YOUR ASSIGNMENT:
Output the full listing below exactly; the images stay out.

STORED DATA:
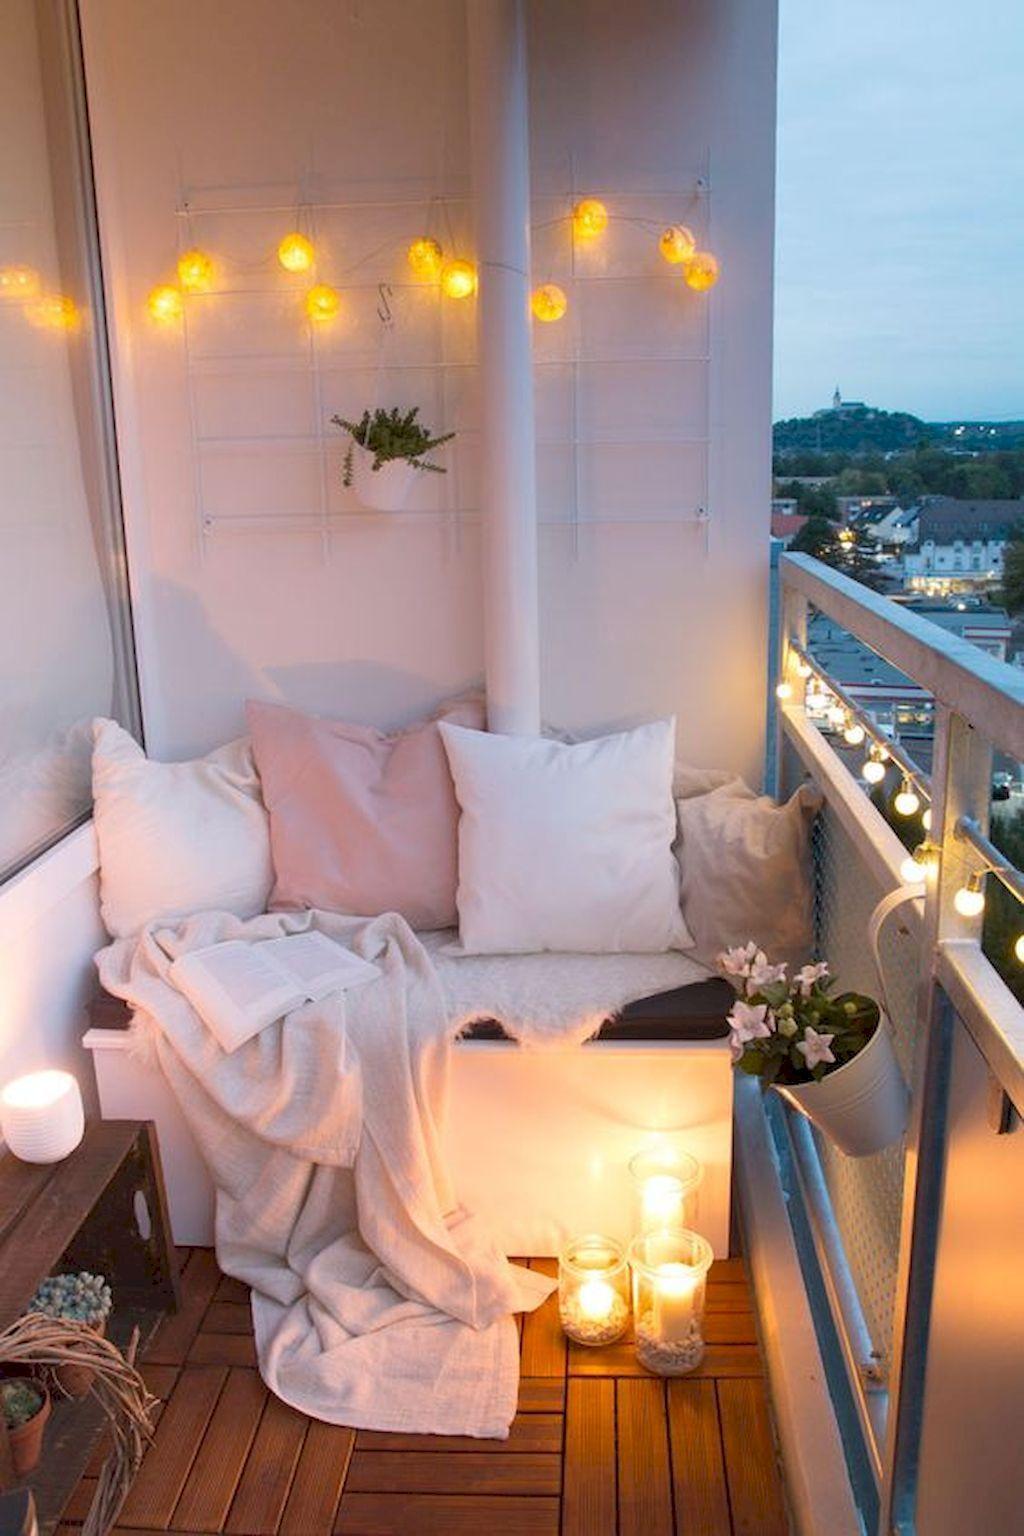 Cute College Apartment Decoration Ideas 51 Roomodeling Decoracion De Unas Decoracion De Interiores Decoraciones De Casa
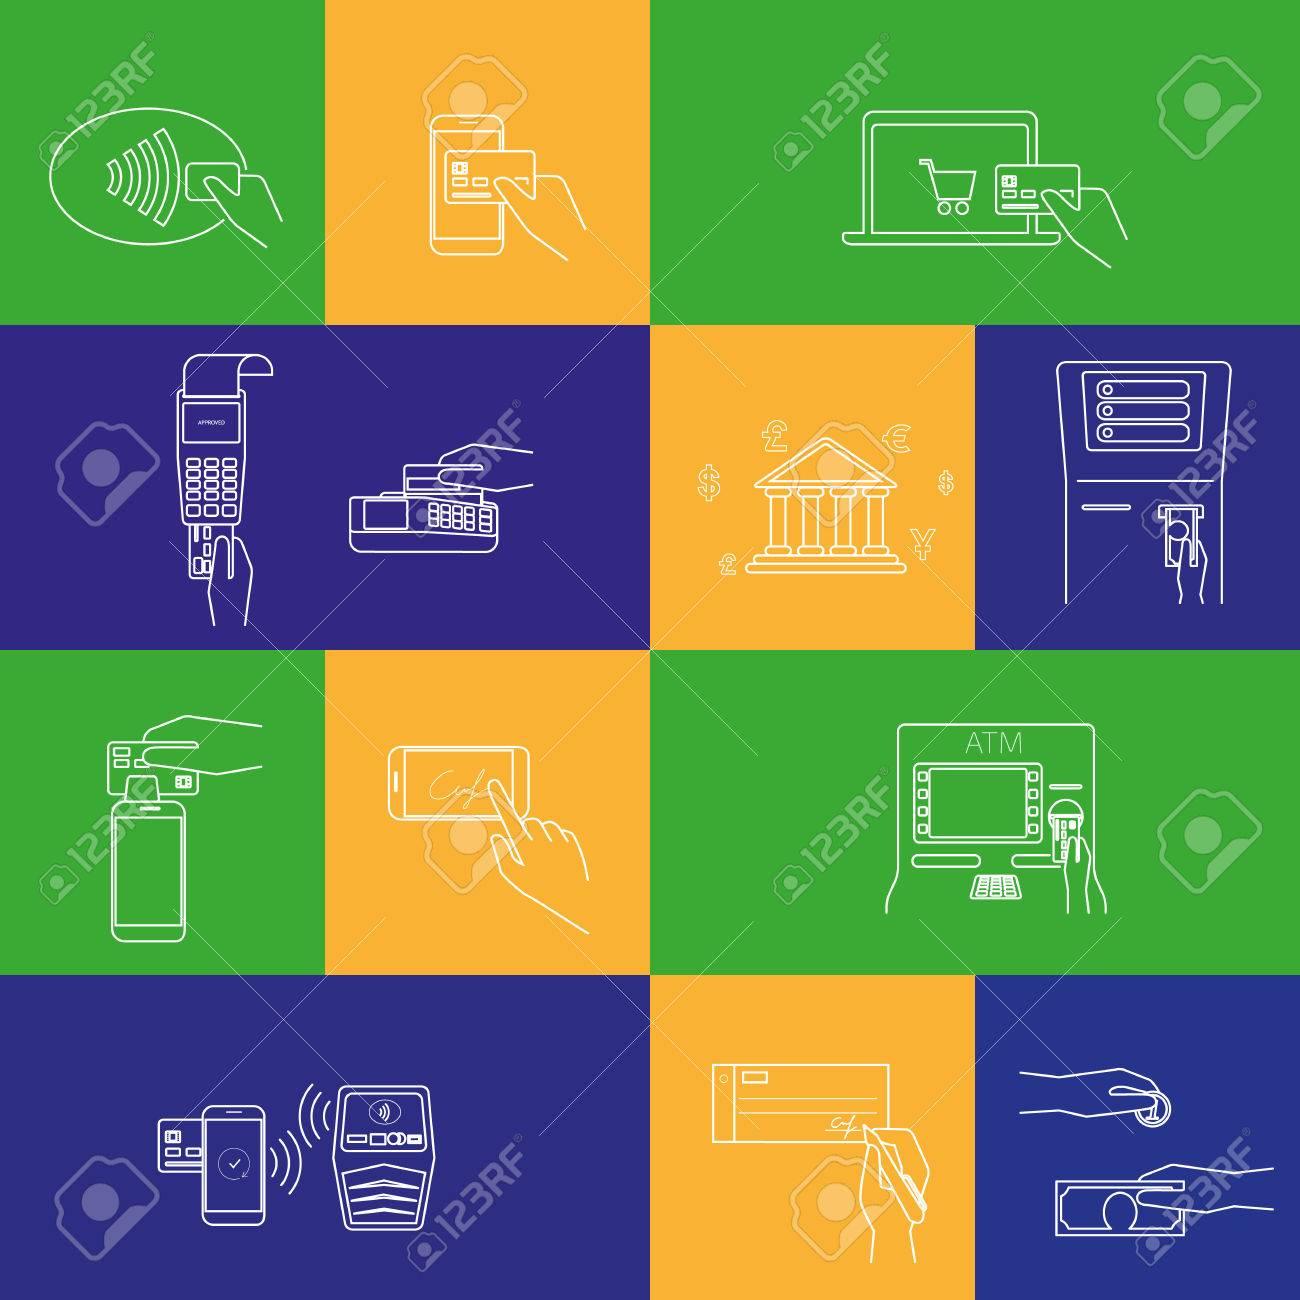 82f4c0f7fe05 Contorno concepto ilustraciones vectoriales conjunto de métodos de pago
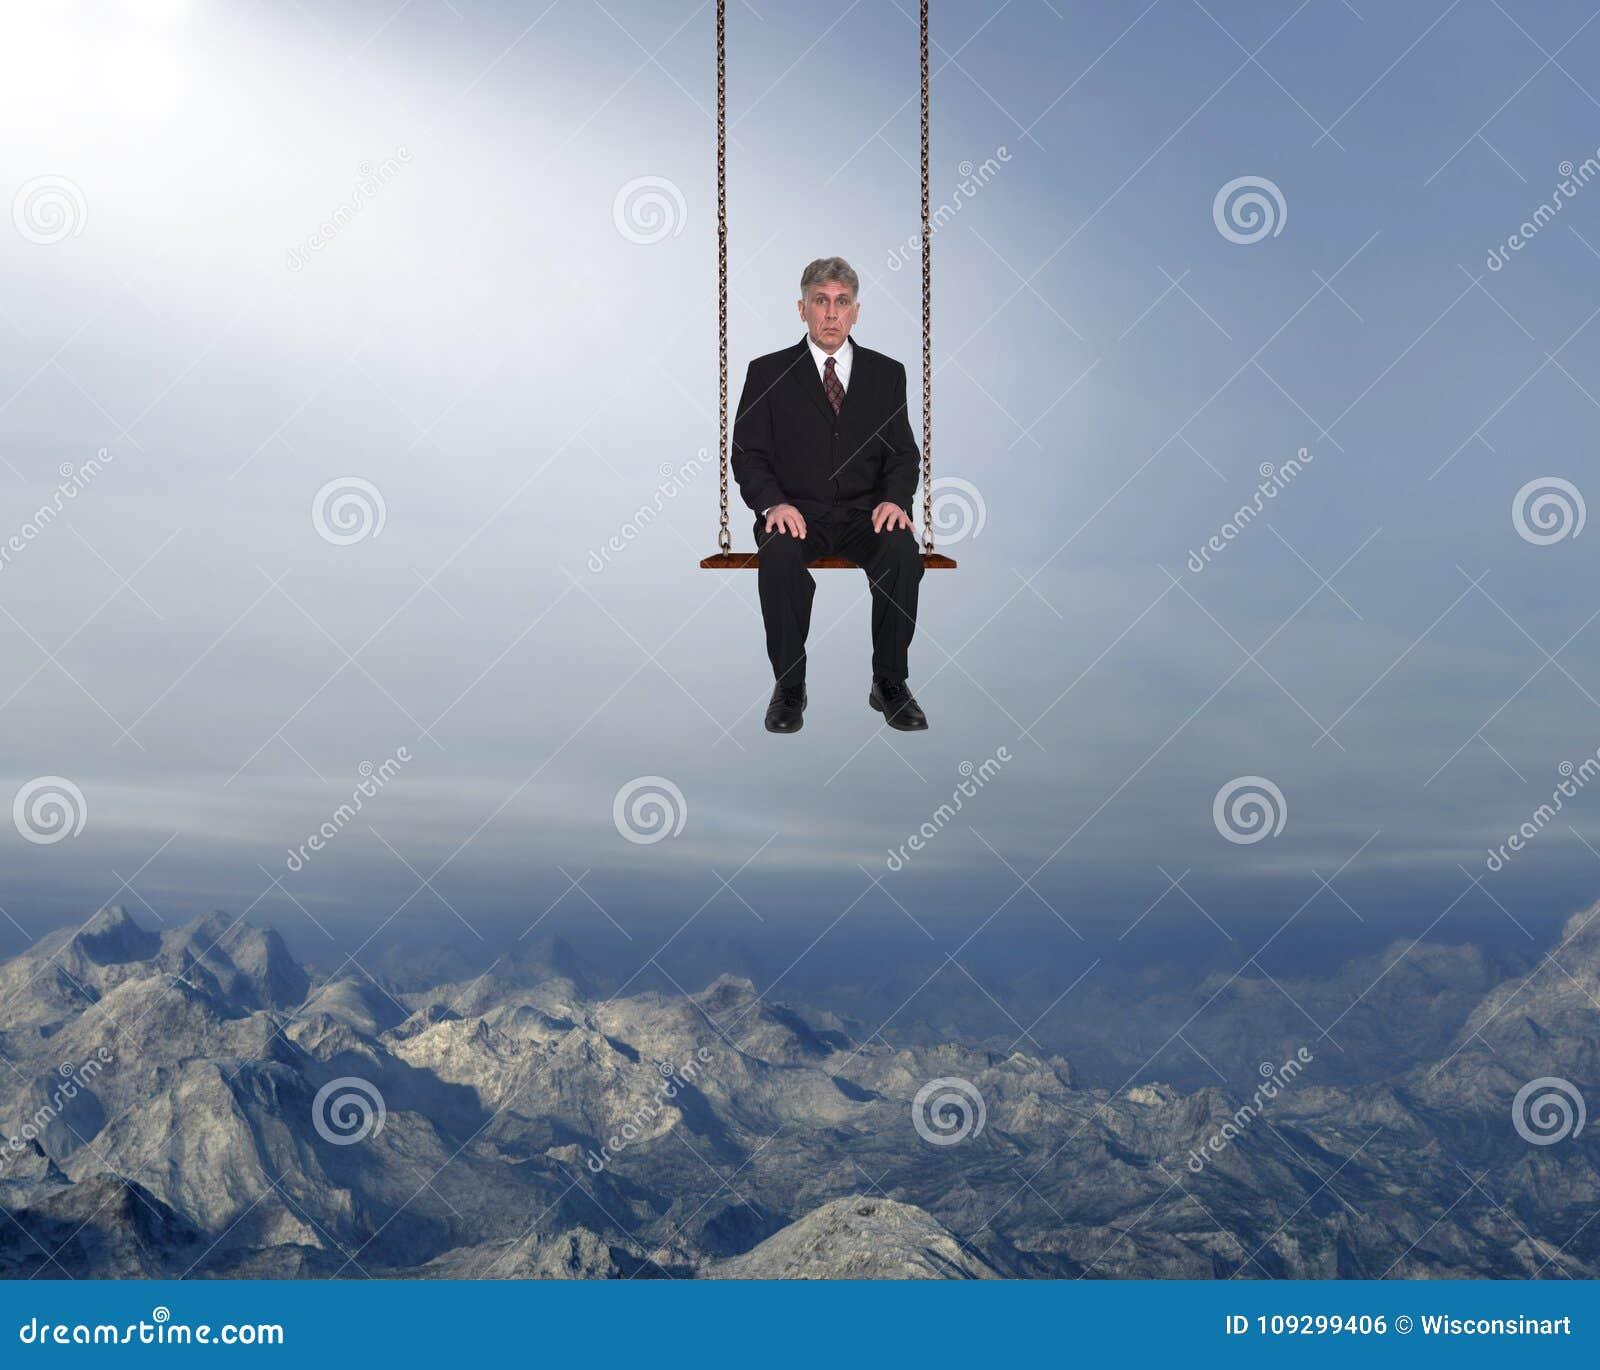 Gestão de riscos, negócio, vendas, mercado, homem de negócios surreal
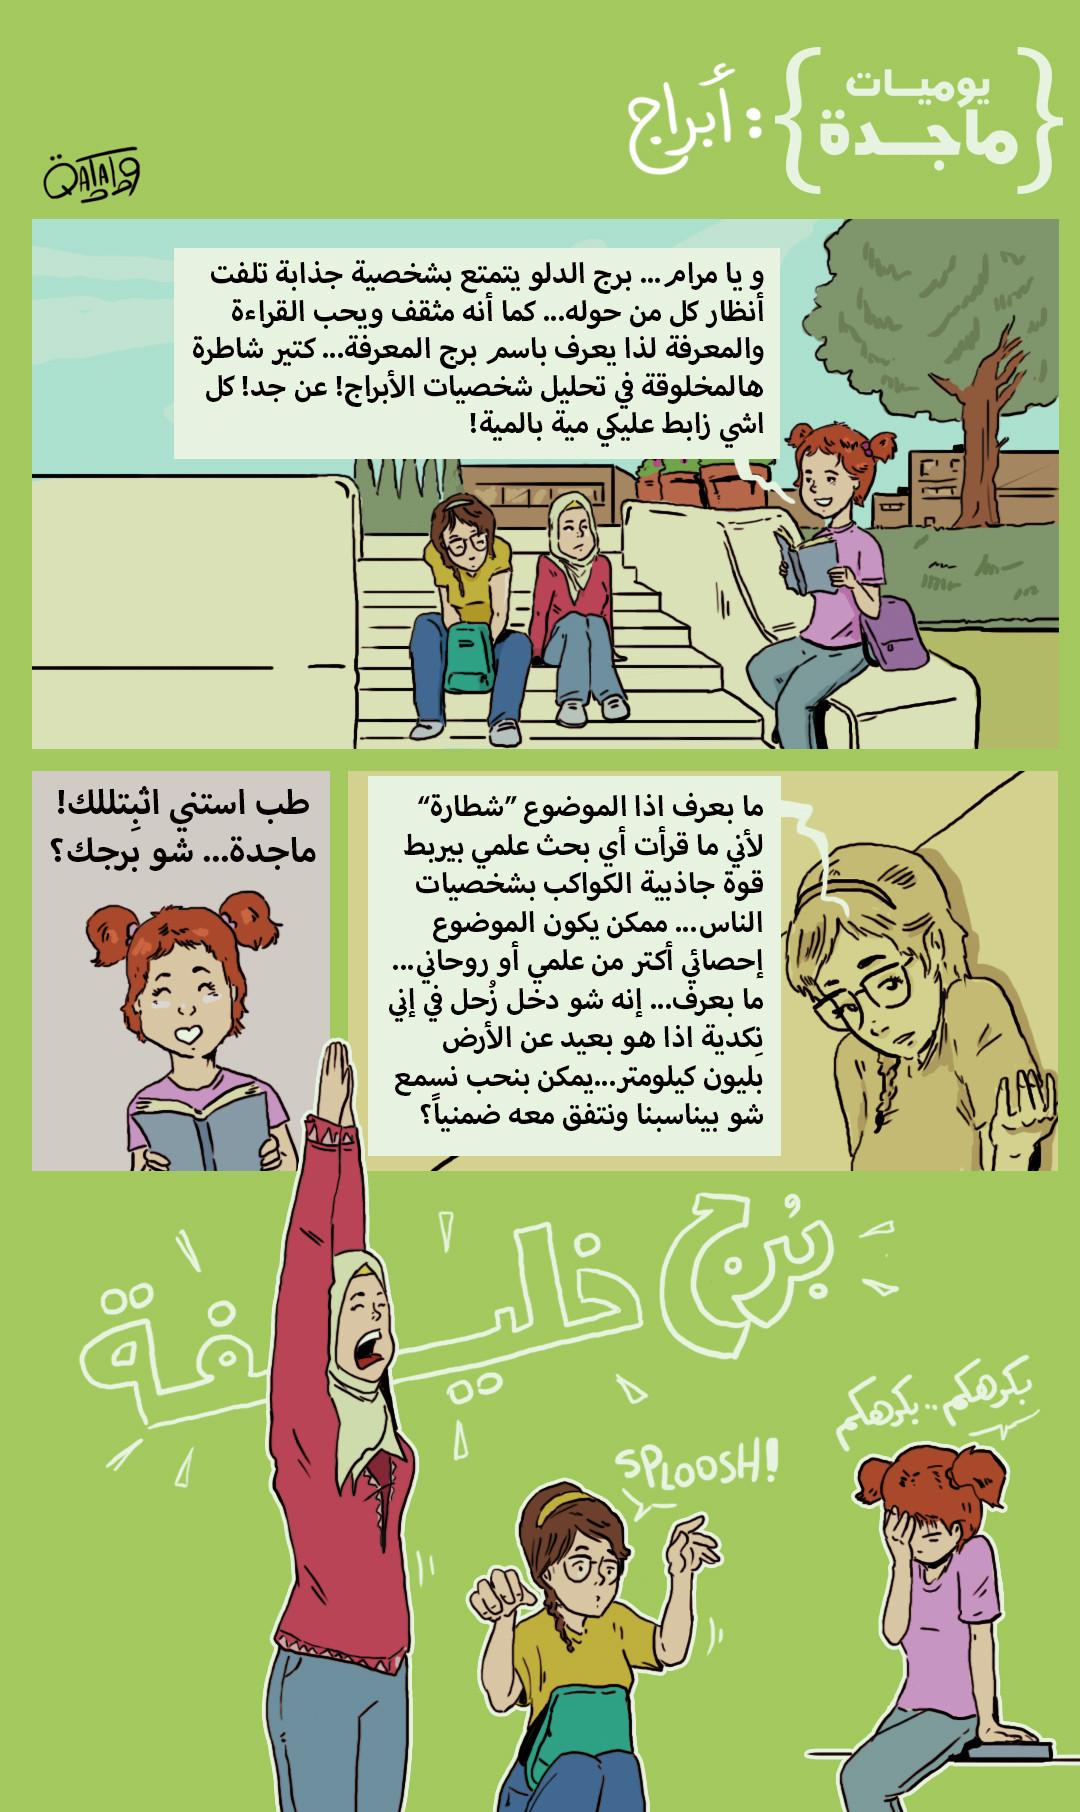 سلسلة رسومات

WRITTEN ANSWER:
 Cute College Apartment Decoration Ideas 51 Roomodeling Decoracion De Unas Decoracion De Interiores Decoraciones De Casa
 82f4c0f7fe05 Contorno concepto ilustraciones vectoriales conjunto de métodos de pago
 Gestão de riscos, negócio, vendas, mercado, homem de negócios surreal
 سلسلة رسومات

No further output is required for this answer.